Sunday, March 2, 2014

scikit-learn

scikit-learn - Machine Learning in Python

  • Simple and efficient tools for data mining and data analysis
  • Accessible to everybody, and reusable in various contexts
  • Built on NumPy, SciPy, and matplotlib
  • Open source, commercially usable - BSD license

Prerequisites

Installation

For Cray XC30 only.

% module unload PrgEnv-cray
% module load PrgEnv-gnu

Start.

% cd $WORK/setup
% wget --no-check-certificate https://pypi.python.org/packages/source/s/scikit-learn/scikit-learn-0.14.1.tar.gz
% tar zxf scikit-learn-0.14.1.tar.gz
% cd scikit-learn-0.14.1
% python setup.py build
% python setup.py install
% cd ..
% nosetests -exe sklearn

I got 1 error on sklearn.cluster.bicluster.tests.test_utils.test_get_submatrix. Don't worry! Just go ahead.

matplotlib

"matplotlib is a python 2D plotting library which produces publication quality figures in a variety of hardcopy formats and interactive environments across platforms. matplotlib can be used in python scripts, the python and ipython shell (ala MATLAB®* or Mathematica®†), web application servers, and six graphical user interface toolkits."

For Cray XC30 only.

% module unload PrgEnv-cray
% module load PrgEnv-gnu

Start.

% cd $WORK/setup
% wget https://downloads.sourceforge.net/project/matplotlib/matplotlib/matplotlib-1.3.1/matplotlib-1.3.1.tar.gz
% tar zxf matplotlib-1.3.1.tar.gz
% cd matplotlib-1.3.1
% python setup.py build
% python setup.py install
% cd ..
% python -c "import matplotlib; matplotlib.test()"
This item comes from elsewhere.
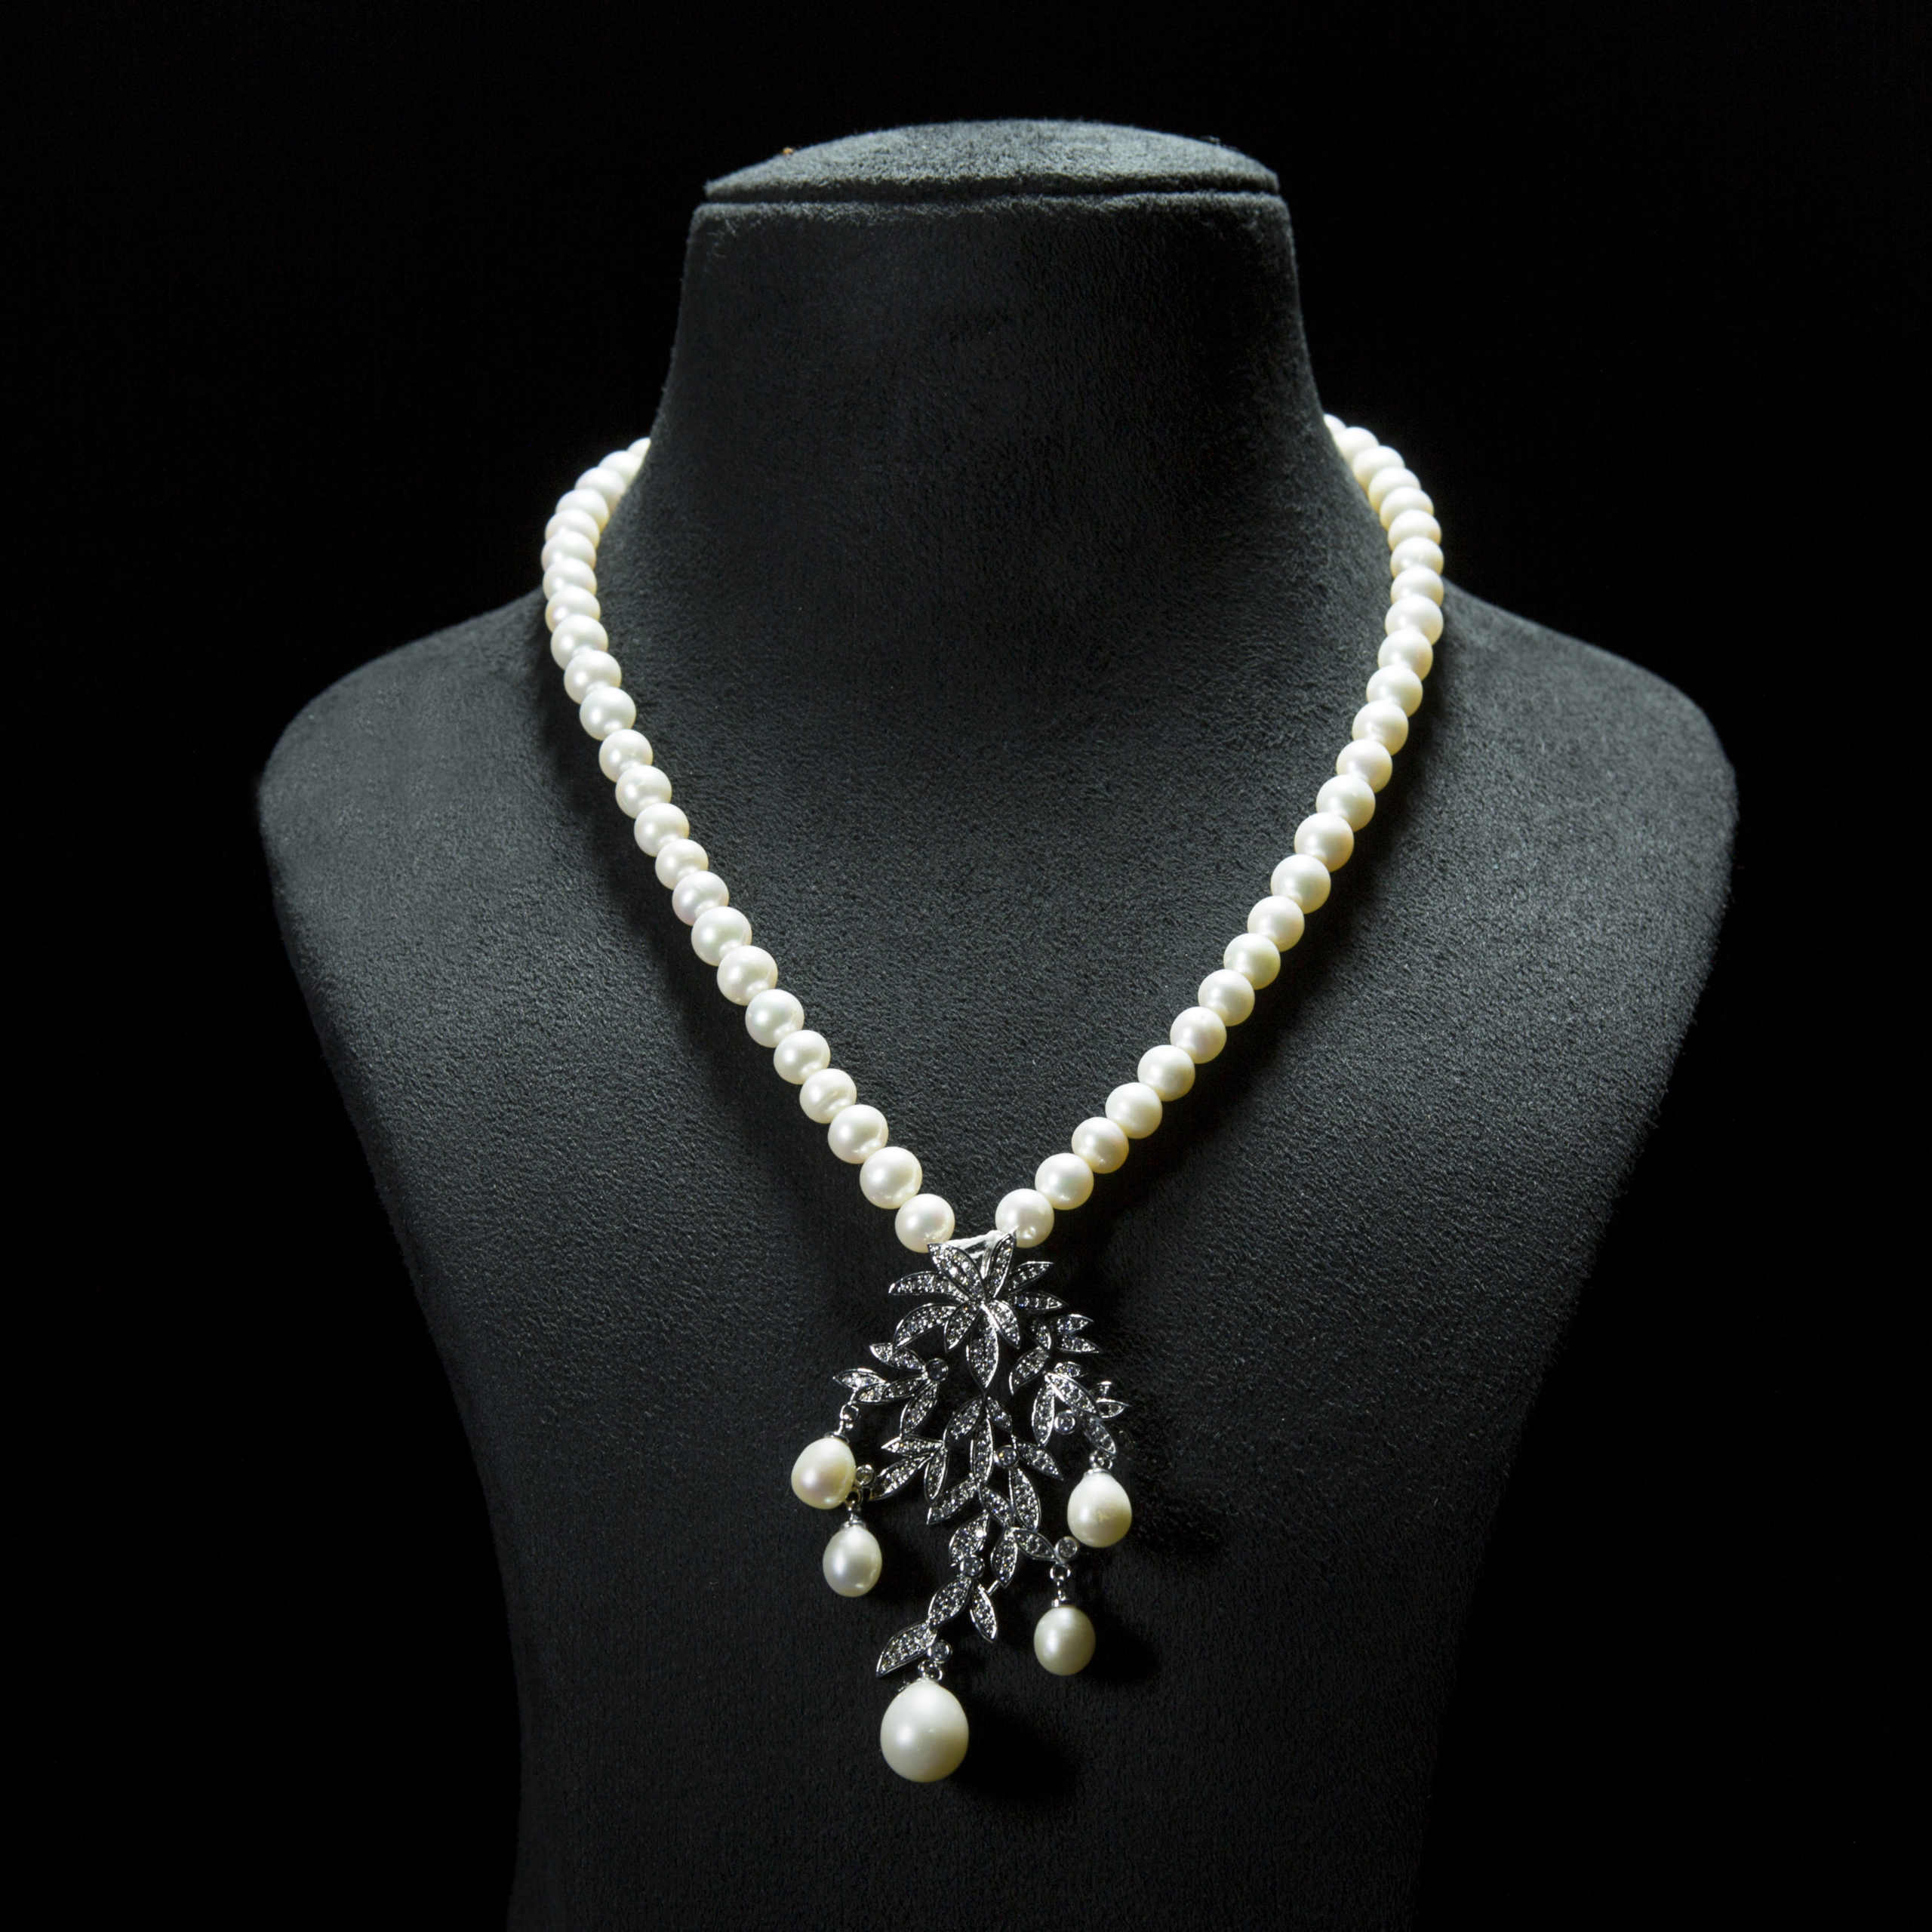 Diamond Necklace 001-165-00226 14KW - Diamond Necklaces | P.J. Rossi  Jewelers | Lauderdale-By-The-Sea, FL

NumPy and SciPy with ATLAS

We will compile NumPy and SciPy using GNU Compiler with the auto-optimized BLAS and LAPACK from ATLAS. If you are on Cray, run the following commands.

% module unload PrgEnv-cray
% module load PrgEnv-gnu

ATLAS

% cd $WORK/setup
% wget http://sourceforge.net/projects/math-atlas/files/Stable/3.10.1/atlas3.10.1.tar.bz2
% tar jxf atlas3.10.1.tar.bz2
% cd ATLAS
% wget http://www.netlib.org/lapack/lapack-3.4.2.tgz
% mkdir build-gcc
% cd build-gcc
% ../configure --prefix=$WORK -Fa alg -fPIC --with-netlib-lapack-tarfile=../lapack-3.4.2.tgz --cc=gcc
% make
% make check
% make install

Due to some optimization processes while making ATLAS, it might take up to a hour to complete.

NumPy

% cd $WORK/setup
% wget http://sourceforge.net/projects/numpy/files/NumPy/1.8.0/numpy-1.8.0.tar.gz
% tar zxf numpy-1.8.0.tar.gz
% cd numpy-1.8.0/
% env ATLAS=$WORK $WORK/bin/python setup.py build --fcompiler=gnu95 |& tee build.log
% env ATLAS=$WORK $WORK/bin/python setup.py install
% cd ..
% python -c "import numpy; numpy.test()"

SciPy

% cd $WORK/setup
% wget http://sourceforge.net/projects/scipy/files/scipy/0.13.3/scipy-0.13.3.tar.gz
% tar zxf scipy-0.13.3.tar.gz
% cd scipy-0.13.3/
% $WORK/bin/python setup.py build --fcompiler=gnu95 |& tee build.log
% $WORK/bin/python setup.py install
% cd ..
% python -c "import scipy; scipy.test()"